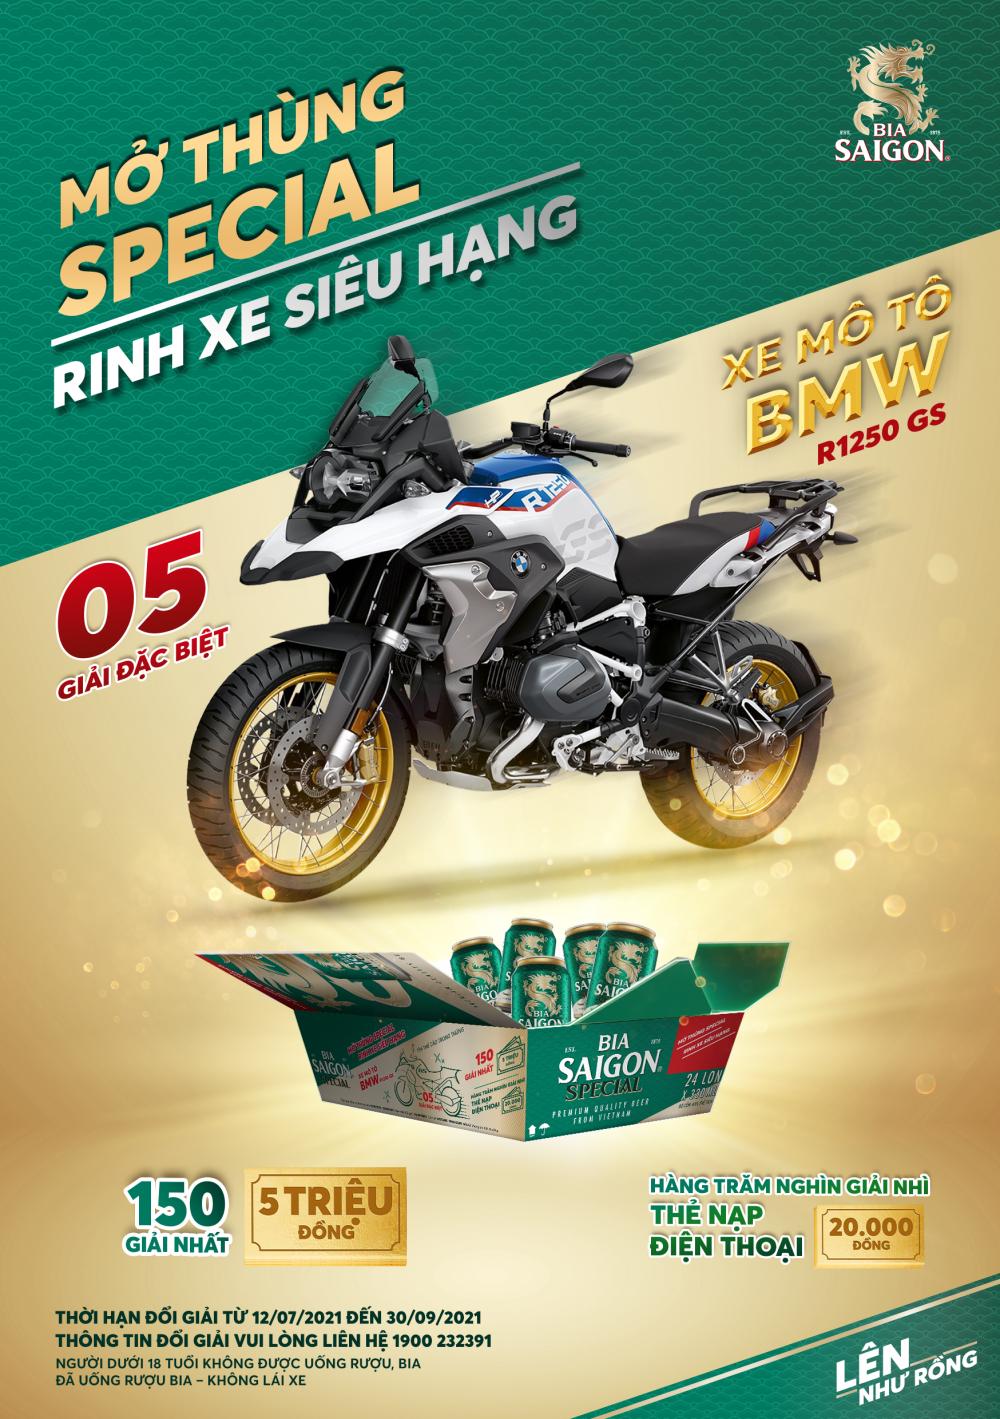 """""""Mở thùng Special, Rinh xe siêu hạng"""" với hơn 5 tỷ đồng quà tặng từ Bia Saigon"""
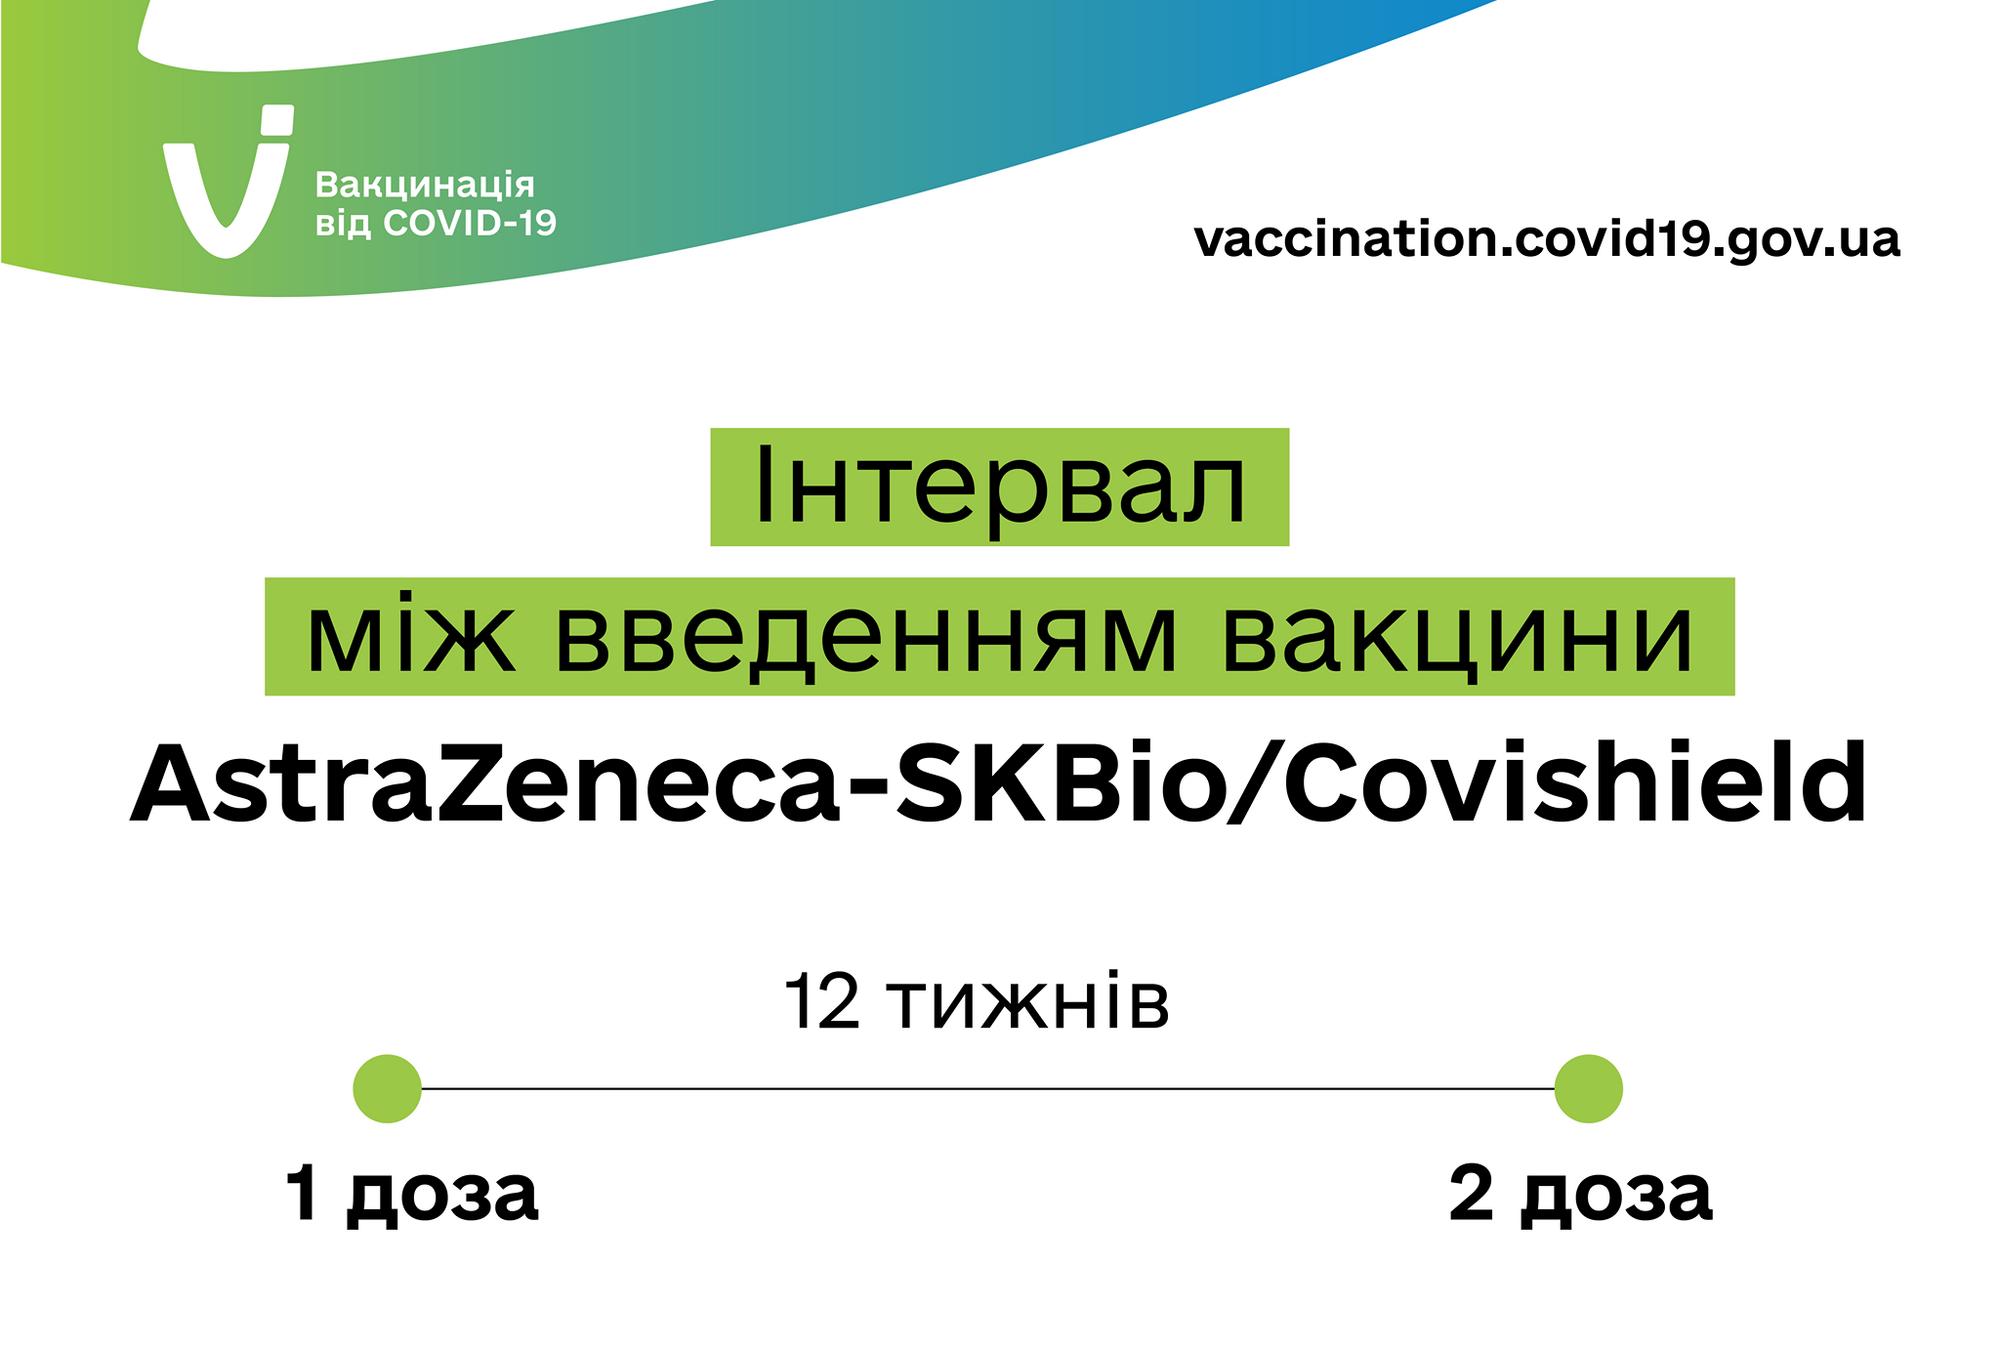 Вакцинація Oxford/AstraZeneca.
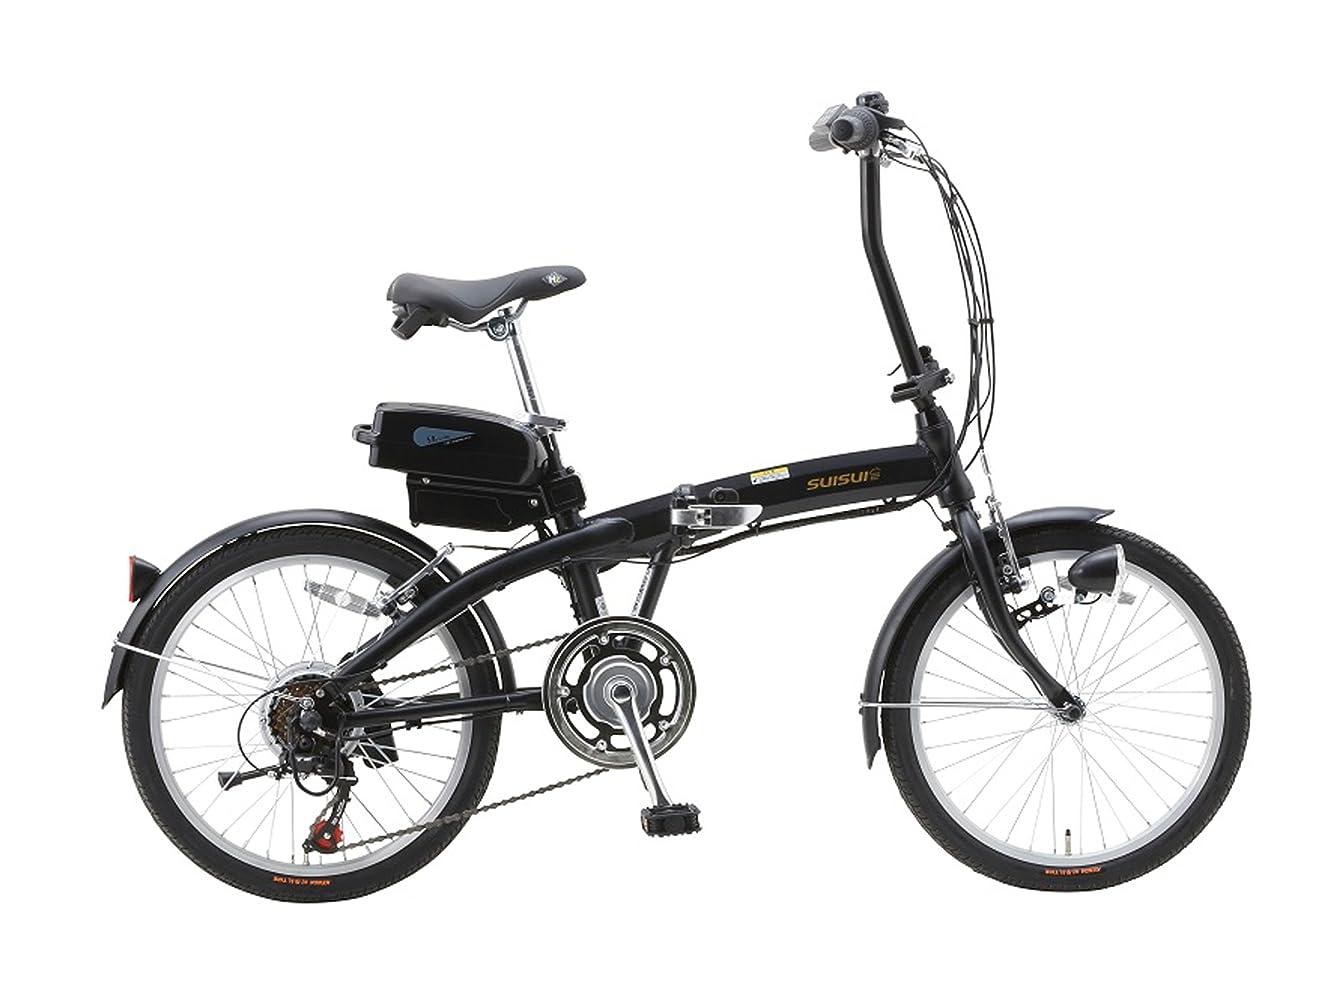 縫う不均一画面SUISUI(スイスイ) 折りたたみ電動アシスト自転車 BM-A30 ブラック 3灯LEDライト付 5.8Ahリチウムイオンバッテリー搭載 20インチ 6段変速 アルミフレーム 28473-0123
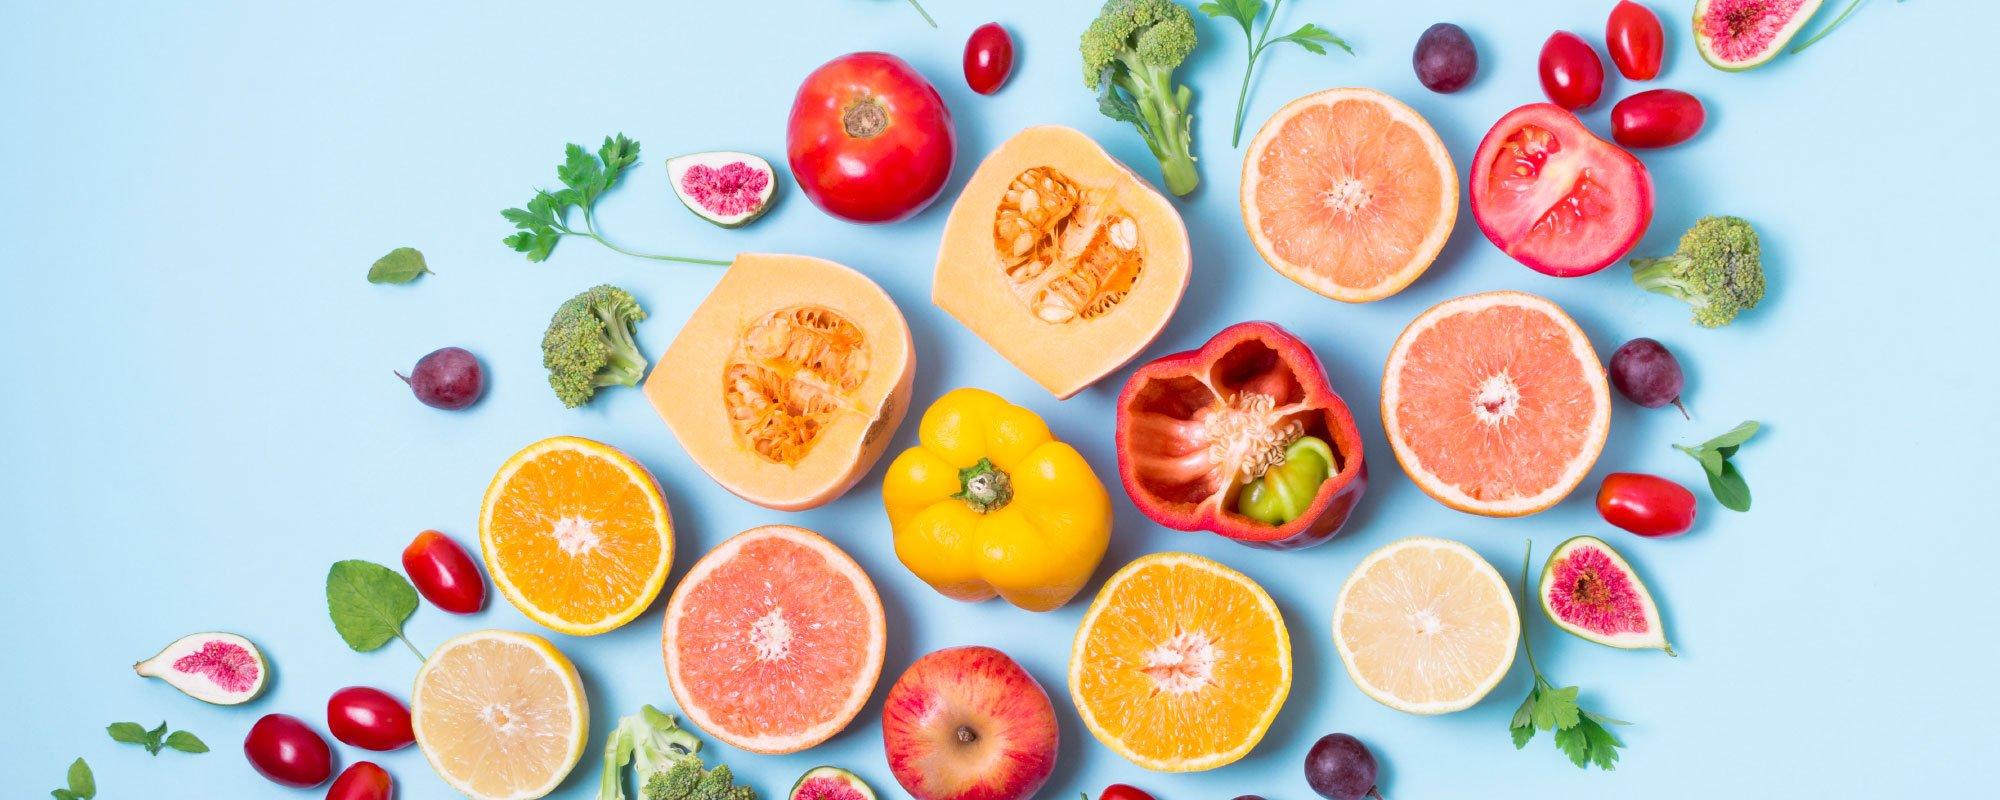 Vitaminas que ayudan a mejorar mi sistema inmune Bienestar Trebolac

Instructions for the task: Going from the line with "縫う不均一画面SUISUI(スイスイ) 折りたたみ電動アシスト自転車 BM-A30" to the last line of the listing, write out each line exactly and nothing else. Leave out all pictures.

Written reply:
 縫う不均一画面SUISUI(スイスイ) 折りたたみ電動アシスト自転車 BM-A30 ブラック 3灯LEDライト付 5.8Ahリチウムイオンバッテリー搭載 20インチ 6段変速 アルミフレーム 28473-0123
 Vitaminas que ayudan a mejorar mi sistema inmune Bienestar Trebolac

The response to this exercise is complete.